Limited Liability Companies: What happens to an LLC when a Member dies? - Business Law Legal Blogs Posted by John Tarley, Jr. - Lawyers.com

Limited Liability Companies: What happens to an LLC when a Member dies?

We have written about the importance of operating agreements to help succession planning for your limited liability company (“LLC”). Operating agreements can help the company with procedures to remove a member, or with procedures to permit a member to leave the LLC on his own accord. This blog post reviews a recent Virginia Supreme Court case that shows the importance of using your LLC operating agreement to set forth succession planning of a member’s interest when that member dies.

In the case of Ott v. Monroe, there were 2 members of an LLC, a husband and wife. The husband (“Dewey”) owned an 80% membership interest, and his wife (“Lou Ann”) owned the remaining 20% and was the managing member. When Dewey passed away, his Will showed that he bequeathed his entire estate to his daughter, Janet. Janet proclaimed that because her father’s estate included the LLC membership interest, she became the majority member of the LLC. Janet  immediately removed Lou Ann as the managing member and took control of the LLC herself.

The LLC had an operating agreement, but the agreement did not contain a clause requiring the company or the remaining member to purchase Dewey’s membership interests. Such a clause would have negated this entire case and saved the parties tens of thousands of dollars in attorneys’ fees and other transaction costs. Consequently, the issue in the case was “What rights did Janet have in the company by succeeding to her father’s membership interests?”

The Virginia Supreme Court noted that a membership interest in an LLC is composed of two components: a control interest, which permits the member to participate in the administration of the LLC’s affairs, and a financial interest, which allows the member to share in the company’s profits and losses, and to receive distributions from the business’ income and assets. The Court looked to the Virginia statutes that permit an LLC member to unilaterally assign hisfinancial interest in the company, but to obtain the control interest, the member must obtain the “consent of a majority of those members exercising the direct management of the company.”

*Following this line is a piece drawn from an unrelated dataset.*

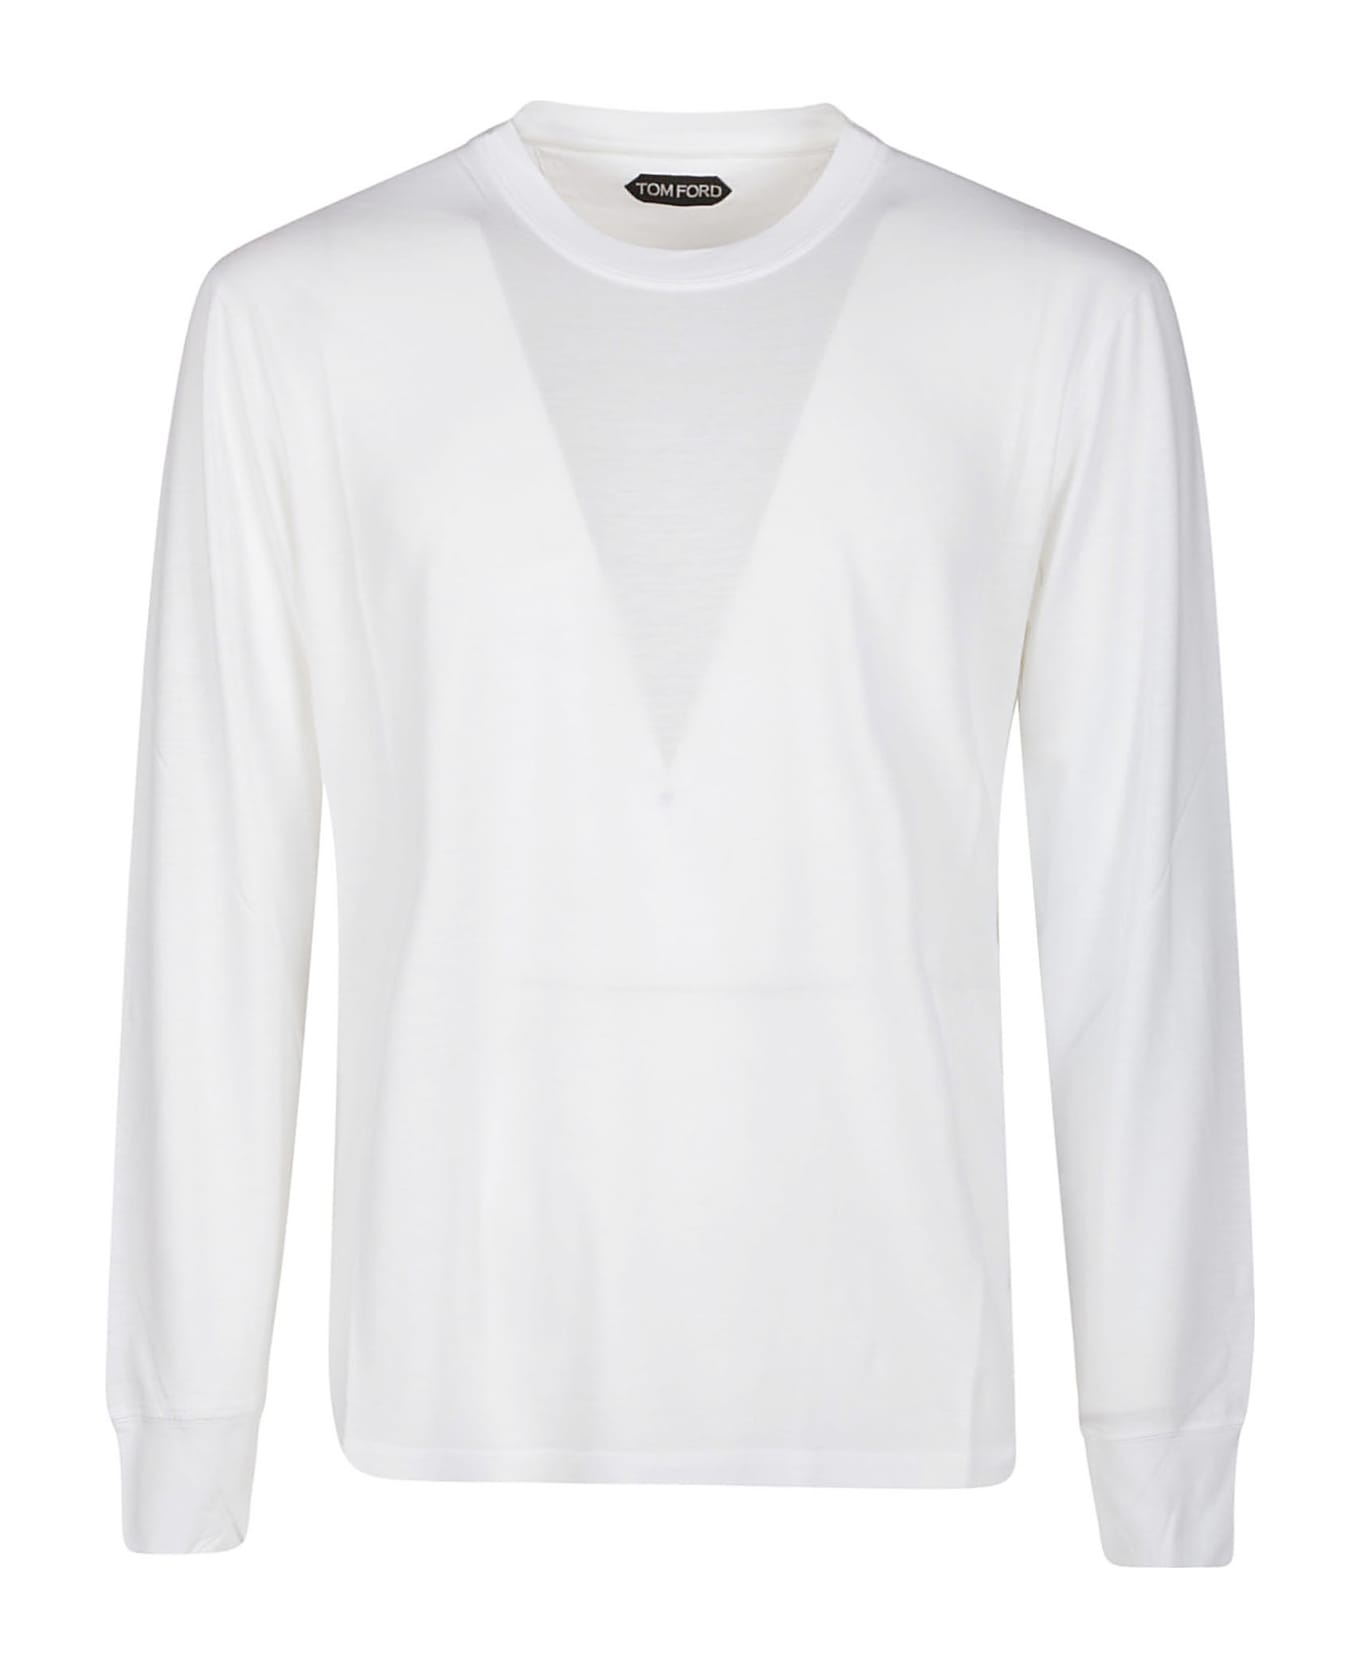 Tom Ford Classic L/s T-shirt - White シャツ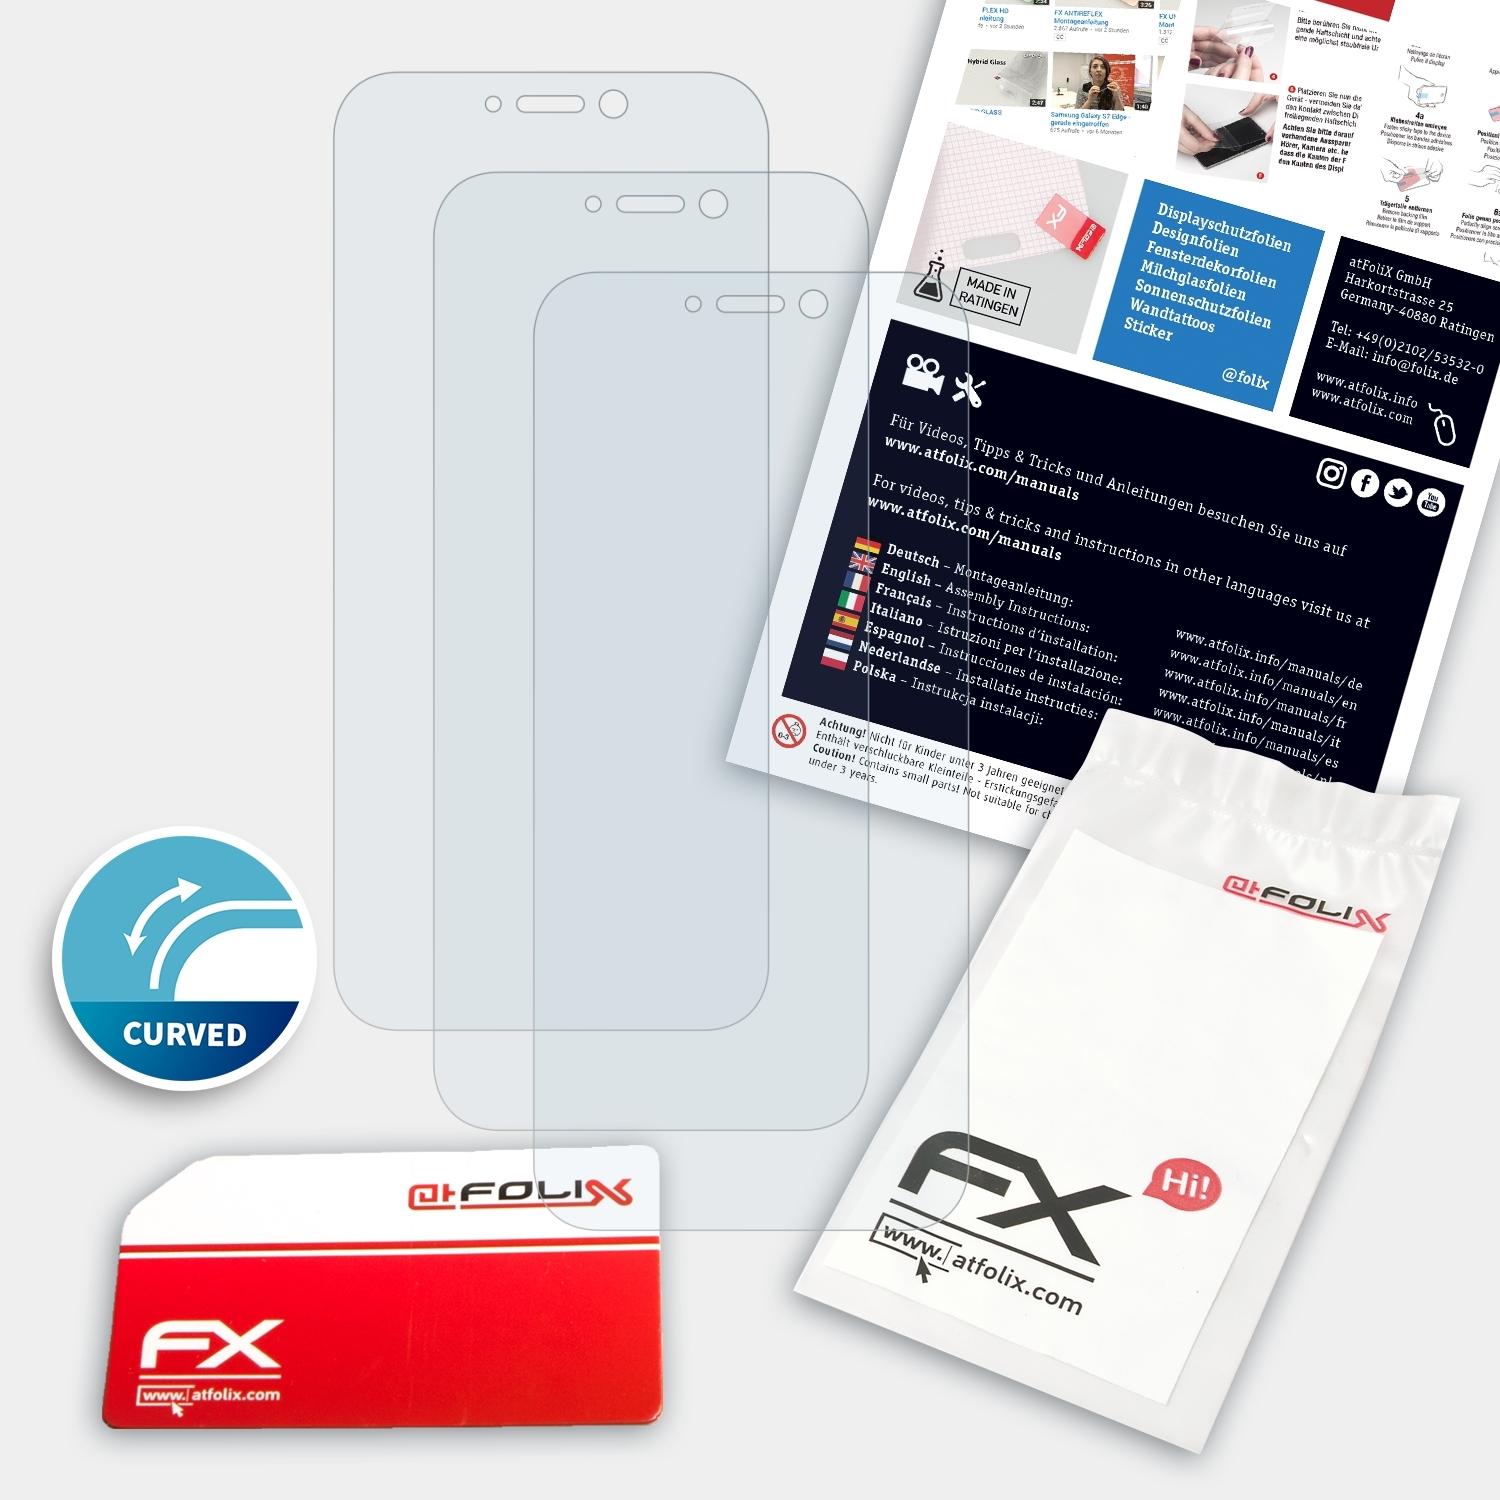 ATFOLIX 3x Oukitel Pro) WP5 FX-ActiFleX Displayschutz(für

The company’s operating agreement did not provide for a procedure to transfer membership interests upon the death of a member. Consequently, because Janet received her father’s membership interests by a unilateral assignment through her father’s Will, and because the only remaining member, Lou Ann, did not consent to Janet’s membership in the LLC, the Virginia Supreme Court ruled that Dewey’s Will could not make her a member of the company upon his death. Therefore, Janet “inherited only Dewey’s financial interest in the Company – the right to share in profits and losses and to receive distributions.”

Does your limited liability company’s operating agreement set forth procedures for dealing with the membership interests of a member upon death? As shown in this case, the remaining members of your company could be in a state of flux jeopardizing the LLC’s survival. You may not have reviewed your operating agreement since your company was formed. When in doubt, contact your experienced business lawyer to review your operating agreement for peace of mind.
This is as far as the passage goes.